What enters Doc is no longer “ideas,” but claims that have been compressed, verified, and governed.
This “constitutional zone” not only naturally has higher search weight because it is low-entropy, high-confidence, and auditable text; more importantly, I want to continuously refine its format so it gradually evolves into an IR (intermediate representation).
That is, it is not just Markdown documents, but a structural layer that can be parsed, scheduled, and verified; it not only serves the current repository, but can also become a foundational unit for cross-repository rule usage.
In the future, when a model or agent needs rule input, it can directly read these claims, rather than trying to understand an entire narrative paragraph.
So, this vault is not a note system, but a cognitive production line.
Sovereign Log is responsible for generating the high-entropy stream of thoughts; the Promotion mechanism is responsible for selecting and compressing; Doc is responsible for freezing structure and forming rules.
The former is a space for creation, the latter is a space for governance.
Through this layering, I no longer try to suppress the high-entropy nature of language; instead I let it flow freely at the upper layer, while building an evolvable, governable, machine-callable structural core at the lower layer.
This is what I truly want to build.
Embeddings-Style Retrieval
As I already said in the previous article, this is my vault indexing approach.

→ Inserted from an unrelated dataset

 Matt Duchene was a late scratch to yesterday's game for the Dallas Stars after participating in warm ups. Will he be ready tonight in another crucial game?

Let me explain why—we need to rethink what embeddings are doing, and what embedding is.
The model I use here is sentence-transformers/all-MiniLM-L6-v2.

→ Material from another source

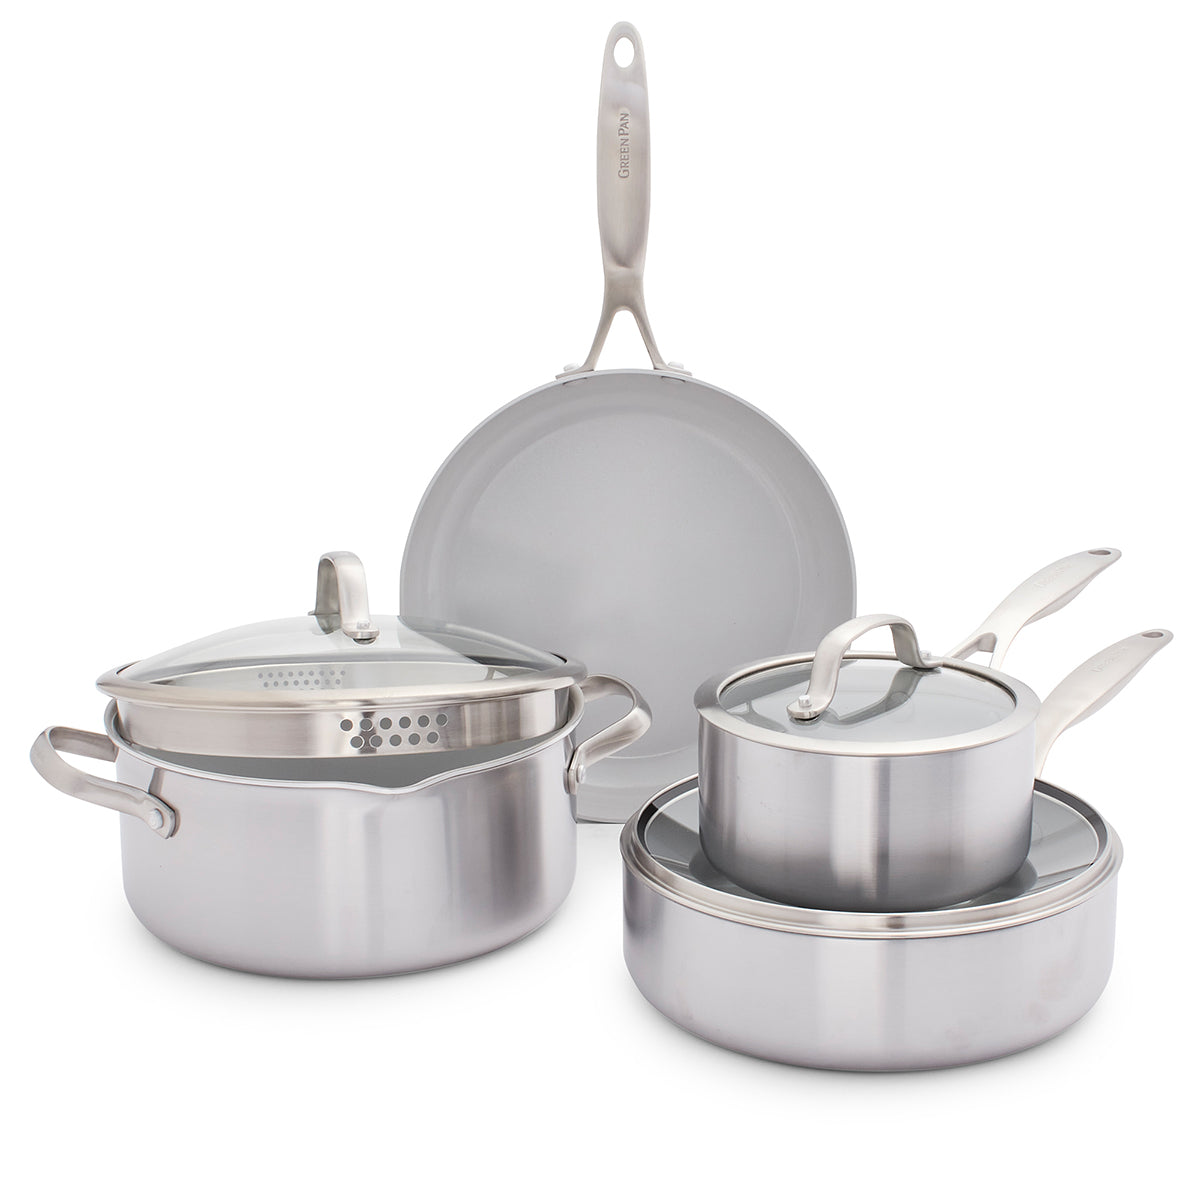 GreenLife Tri-Ply Stainless Steel Healthy Ceramic Nonstick, 10 Piece  Cookware Pots and Pans Set, PFAS-Free, Multi Clad, Induction, Dishwasher  Safe

Very specifically: sentence-transformers/all-MiniLM-L6-v2 is essentially a “sentence → vector” compressor.
It does only one thing: compress a piece of text into a fixed-length (384-dimensional) numeric vector, turning “semantic similarity” into “distance closeness” in geometric space.

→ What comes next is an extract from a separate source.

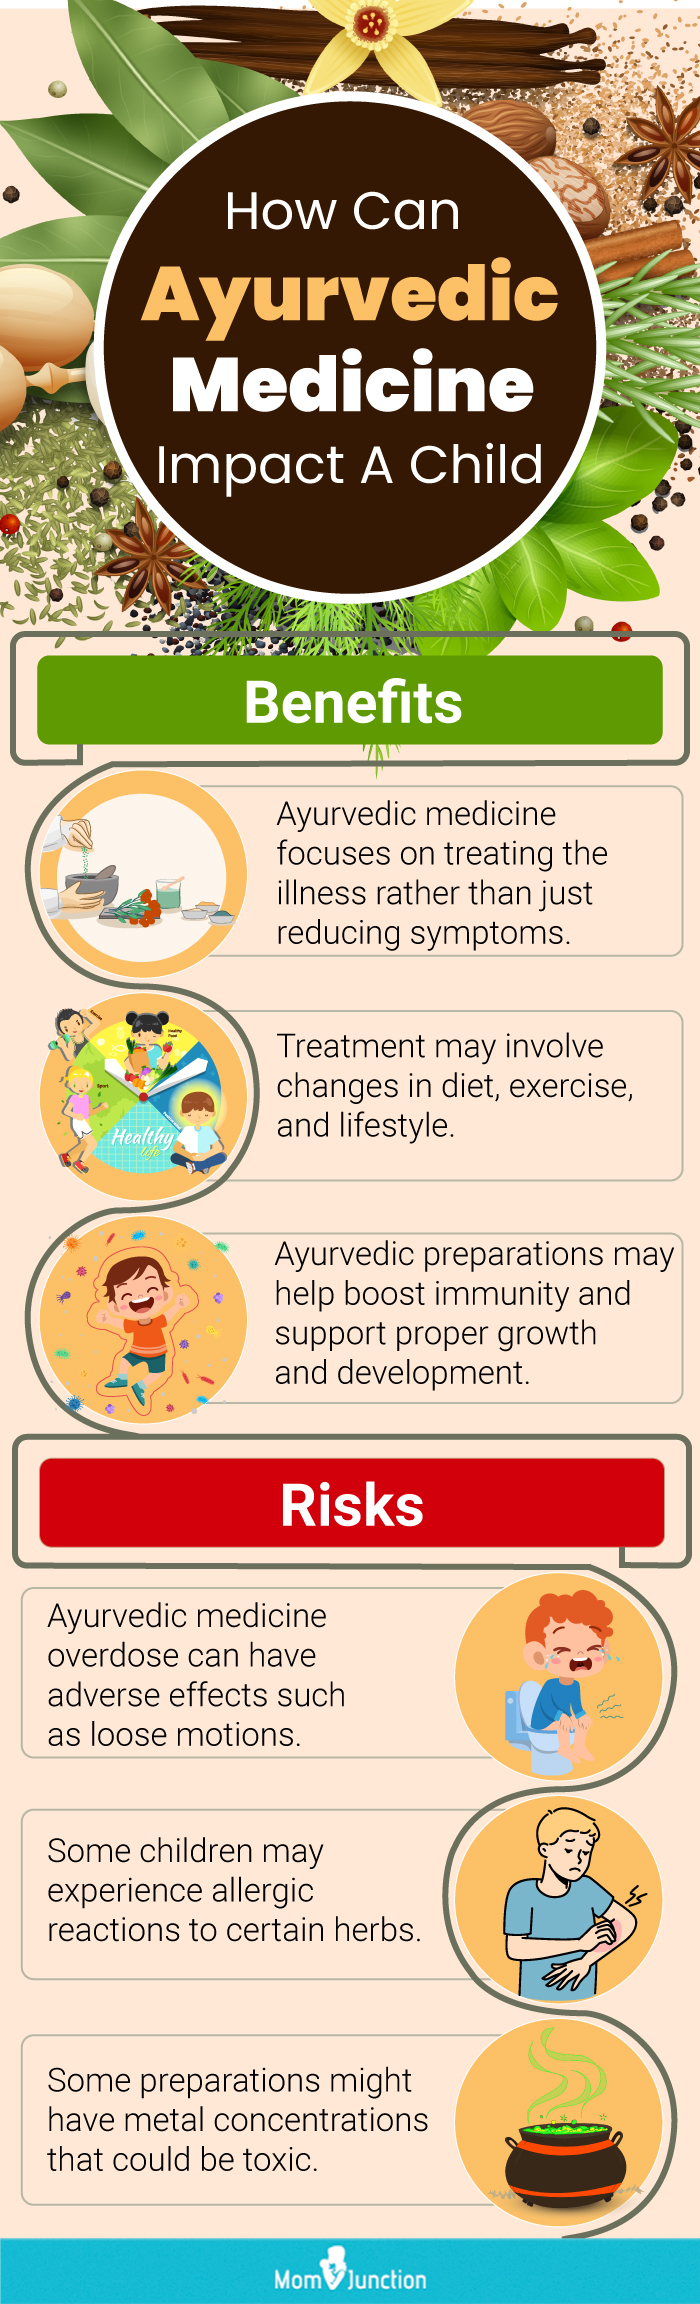 how can ayurvedic medicine impact a child (infographic)

It is neither a search engine, and it is not responsible for finding results; nor is it a generative model, and it won’t write content; it is a semantic encoder—input a sentence, output a vector.
For example, “strong structure weak model” and “prefer deterministic scaffolding over heavy LLM reasoning” will be mapped to two vectors that are close to each other in 384-dimensional space, because their semantic direction is similar.
MiniLM refers to the lightweight Transformer proposed by Microsoft (a distilled model), L6 indicates a 6-layer structure, fast and small; v2 is a version that has been contrastively fine-tuned within the Sentence-Transformers framework specifically for sentence-level semantic matching, so it is not a general large model, but an encoder optimized for “semantic similarity computation.”
Its training method is not simply language modeling (predicting the next token), but uses contrastive learning to make “similar sentence vectors closer and unrelated sentence vectors farther,” thereby learning the mapping relationship that “semantic distance ≈ vector distance.”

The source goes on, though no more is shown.